Меня тогда радостно и как-то обнадеживающе поразили эти слова Лозинской, – как она могла разгадать мой замысел с уходом! Она сидела, глядя в рукопись, и крепкий выпуклый лоб ее пересекала прядь темных глянцевитых волос. Потом – месяца через три – она уверяла, что будто бы отгадала то мое намерение, с которым я «сумасшедше» пошел к ней из-за стола, – «ты хотел насильно поцеловать меня на прощанье и, конечно же, получил бы пощечину», – но я не уверен, что действительно намеревался поцеловать ее тогда, да еще насильно. Нет, я только хотел проститься, а как – только ли на словах или за руку – осталось неизвестным, потому что этому помешал Владыкин. Он вошел в комнату, когда я был уже у стола Лозинской, отшатнувшейся к окну вместе со стулом. Мне подумалось, что вошла Вераванна, и, не оглядываясь, я протянул Лозинской свою японскую ручку.

– Пожалуйста, в ней полный спектр, – сказал я, – и пишет замечательно!

Она поблагодарила и рывком взяла у меня ручку. Владыкин в это время поздоровался с нами, и я обернулся и поспешно подал ему руку. Он слабо и коротко пожал ее – и поглядел на меня с опасливым недоумением.

– Вот это, товарищ Кержун, надо отредактировать и вернуть, – сказал он, передав мне жиденькую рукопись, напечатанную на плотных листах меловой бумаги. – Устроились?

– Да-да, благодарю вас, – с полупоклоном сказал я.

Он кивнул, оправил нарукавники и пошел к дверям, а я опять невольно и машинально поклонился ему в спину. Мне надо было немного посидеть и отдохнуть, – сердце у меня билось тревожно.

– Что он вам дал? – не сразу и тоже устало, как мне показалось, спросила Лозинская.

– Рассказ какого-то Аркадия Хохолкова, – сказал я.

– «Полет на Луну»? Не трогайте в нем ничего, он уже иллюстрирован, набран и сверстан… Прочтите это дня за два, а на третий верните Вениамину Григорьевичу. Скажите ему, что рассказ вам очень понравился, понимаете? И заберите скорей свою дурацкую ручку!..

Тогда как раз пришла Вераванна с кульком леденцов и молча уселась за свой стол…

Рассказ «Полет на Луну» начинался с того, как отец дошкольницы Наташи-украинки космонавт Гнатюк полетел на Луну и в назначенный срок не вернулся на Землю.

К спасательному полету на Луну готовился старый летчик-космонавт профессор Бобров.

Друзья девочки – русский мальчик Петя и негритенок Том – решили отправить с ним щенка Тобика на розыски Наташиного отца, но потом передумали, – будет лучше, если полетит Петя.

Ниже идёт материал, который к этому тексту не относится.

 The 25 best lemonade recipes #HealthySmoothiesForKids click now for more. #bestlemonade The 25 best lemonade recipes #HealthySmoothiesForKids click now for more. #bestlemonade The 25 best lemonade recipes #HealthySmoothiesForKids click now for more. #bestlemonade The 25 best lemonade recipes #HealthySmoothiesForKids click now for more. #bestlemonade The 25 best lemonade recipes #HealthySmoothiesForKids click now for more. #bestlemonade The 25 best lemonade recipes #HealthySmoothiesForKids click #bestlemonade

Они притащили на ракетодром большой ящик, вежливо поздоровались со стариком сторожем, который сидел в своей проходной будке и пил чай, и сказали ему, что этот их ящик надо срочно отправить на Луну.

Сторож согласился, но полюбопытствовал, что́ в нем такое.

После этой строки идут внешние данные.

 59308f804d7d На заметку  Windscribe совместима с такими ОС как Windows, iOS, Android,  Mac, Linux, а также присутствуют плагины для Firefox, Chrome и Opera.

Ребята сказали «продовольствие», и сторож распорядился заносить груз.

Едва они успели запихнуть в ракету тяжелый ящик, как раздалась команда к старту.

Яркая огненная вспышка озарила небо.

Стоя в толпе, ребята видели, как ракета с ревом взметнулась вверх.

Через секунду она исчезла в звездном небе.

 

Ребята облегченно вздохнули:

– Порядок! Теперь Наташин папа будет спасен!

Ракета была далеко от Земли, когда сидевший в ней профессор беспокойно оглянулся по сторонам.

– В кабине посторонний шум, – озабоченно сказал он. – И, кажется, из этого ящика! Надо проверить.

Профессор обомлел: в ящике сидел Петя.

– Позвольте! Как вы сюда попали?

Мальчик смущенно оправдывался:

– Извините, профессор, что вот так… Я обещал ребятам разыскать Наташиного папу… Ой, ой! Держите меня, – закричал Петя, кувыркаясь в воздухе и перелетая из одного угла кабины в другой.

– Не волнуйтесь, – профессор засмеялся. – Всё идет как надо. Скоро будем на Луне.

– Но я же не могу ходить по полу! Ой, ой!

– Это невесомость, мой дорогой космонавт. Вам надо бы знать.

Ракета плавно опустилась на дно лунного кратера. И в тот же миг во все стороны полетели радиосигналы:

– Р-1! Р-1!.. Я – Р-2… Прибыл на ваши розыски! Отвечайте! Перехожу на прием!

Ракета Р-1 молчала. И космонавты вышли на поиски.

Профессор едва поспевал за Петей.

– Осторожно, молодой человек! Вы слишком увлеклись спортом. Мы еще не нашли пропавшей ракеты.

– Тут хорошо прыгается, – восхищался Петя, одним махом взлетая на высокую скалу.

– Еще бы! Здесь, на Луне, всё весит в шесть раз меньше! – заметил профессор.

Вдруг дальние скалы покрылись огненными вспышками.

– Метеориты! Скорей под скалу! – закричал профессор, увлекая Петю за собой.

Каменный дождь обрушился на лунную поверхность. Неожиданно профессор споткнулся и упал.

– Профессор! Что с вами? – испугался Петя.

– Нога. Кажется, я повредил ногу, – простонал ученый.

– Я понесу вас! – предложил Петя. – Держитесь крепче! Вот так! Ведь на Луне всё весит в шесть раз меньше!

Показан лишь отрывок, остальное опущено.